Vie du sol au jardin… et en entreprise
La permaculture nous apprend à prendre soin du sol, pour qu’il prenne à son tour soin des cultures.
♨️ Attention: ceci n’est pas un article sur le jardinage.
Le sol d’une entreprise, ce sont les femmes et les hommes qui la composent. La permaculture dit qu’il n’y a pas de mauvais sol … seulement de mauvais jardiniers.
Le travail essentiel du jardinier permacole est de maintenir le sol vivant, grouillant de bactéries et de vers de terre :
🌻 Un sol vivant permet aux plantes de mieux absorber les nutriments.
Sans vie, un sol sera riche sans que les plantes ne puissent absorber cette richesse (comme une équipe constituée des meilleurs éléments qui ne produiraient pas grand chose).
Ces nutriments permettent aux plantes de se défendre contre les agressions externes, ils influent sur la taille et la saveur des récoltes.
📍 Traduction > Rendement, Qualité
🌻 Un sol vivant rend le sol plus perméable en cas d’inondation et retient mieux l’eau en cas de sécheresse.
📍 Traduction > Résilience
Des équipes résilientes, produisant avec rendement et qualité, cela vous intéresse?
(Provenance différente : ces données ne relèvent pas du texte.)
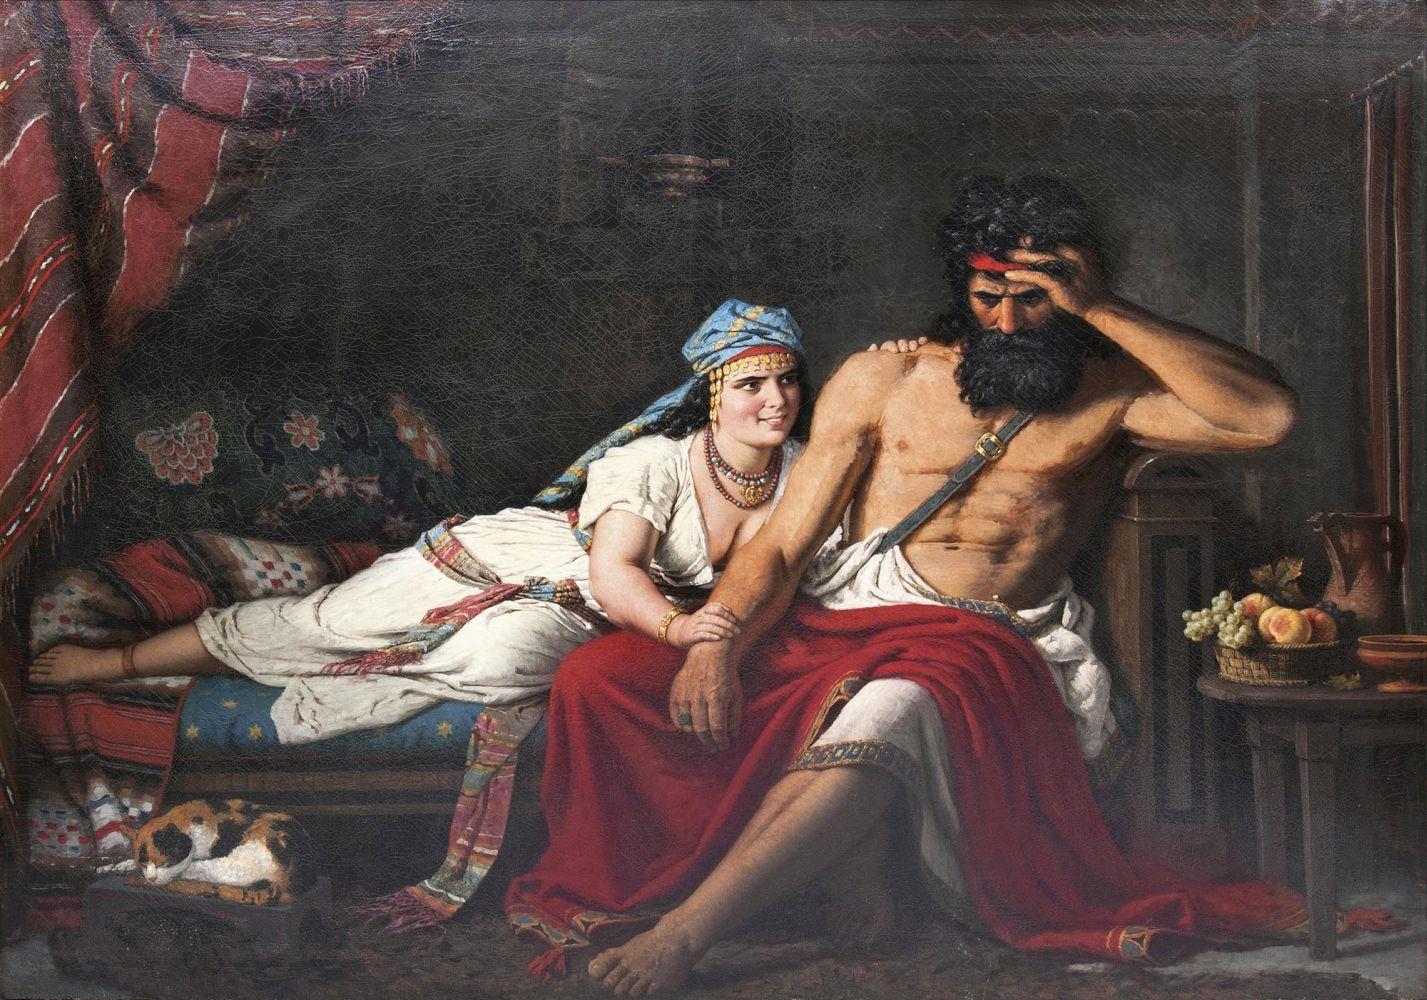 Carl Ludwig Jessen (1833 Deezbüll/Tondern 1917), Samson und Delilah, Öl/Lwd., signiert und datiert, 1882
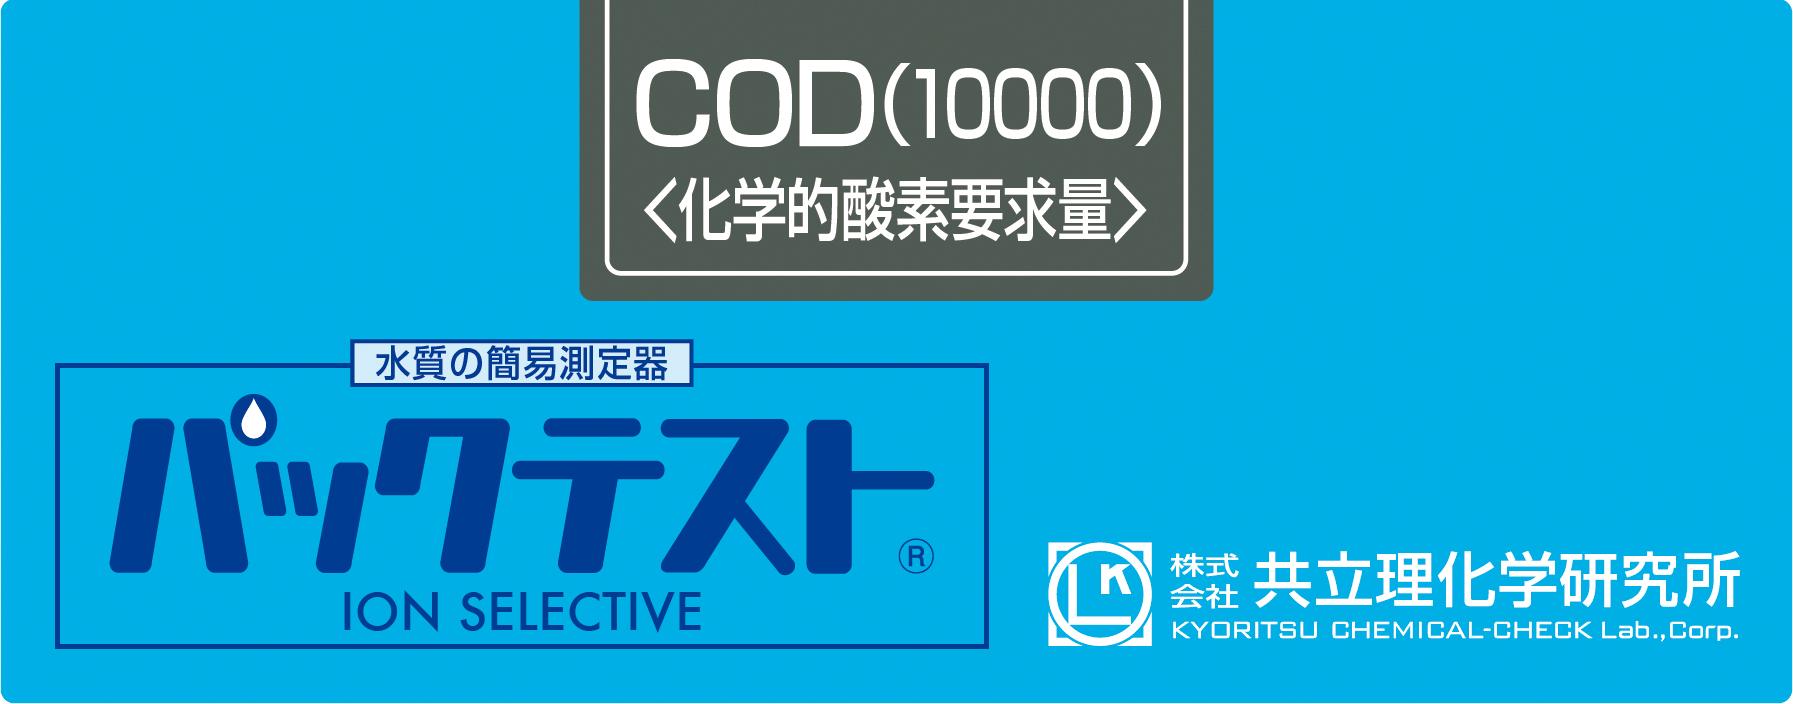 パックテスト COD(10000)

Allons plus loin, et interrogeons-nous sur ce dont un sol a besoin pour être et rester vivant :
1/ De paix…
Limiter le labour profond et les engins agricoles lourds, qui compactent le sol et massacrent les vers de terre.
En entreprise, une bonne façon de “labourer” les collaborateurs est de les soumettre à des réorganisations successives qui “mélangent” les équipes, mettent tout “sans dessus dessous”, etc…
Le labour intensif crée un phénomène appelé “semelle de labour”. Cette couche compacte empêche l’infiltration de l’eau et favorise le lessivage: les nutriments du sol sont charriés par l’eau dans les cours d’eau, pour ne plus jamais revenir.
Du “lessivage” d’équipe, en entreprise, cela vous parle ?
2/ Et d’air !
Moi qui aime les paradoxes, celui-ci me plait:
📌 Sur un sol déjà meuble, la meilleure manière d’aérer le sol est de ne rien faire.
📌 Sur un sol argileux et compact, un travail du sol est nécessaire, ce qui signifie… labourer. Jamais intensément, jamais profondément, mais labourer quand même. Il n’est pas exclu que quelques vers de terre y succombent, mais ce labour redonnera vie au sol. D’autres pratiques permettront, au fil du temps, de s’en passer. Car la permaculture a démontré qu’il était possible de changer la nature même d’un sol, avec patience et amour.
Si vous avez suivi le parallèle sur le labour/réorganisation en entreprise, vous avez déjà conclu qu’il faut d’abord bien connaître la nature de votre “sol/équipes” avant d’envisager un changement, et de limiter ce changement au strict nécessaire.
Pour être exhaustive et conforme aux principes agronomiques : le sol, pour être vivant, a également besoin d’eau et de chaleur.
Pour des collaborateurs, l’eau serait la rémunération (nécessaire mais insuffisant). Et la chaleur serait la reconnaissance.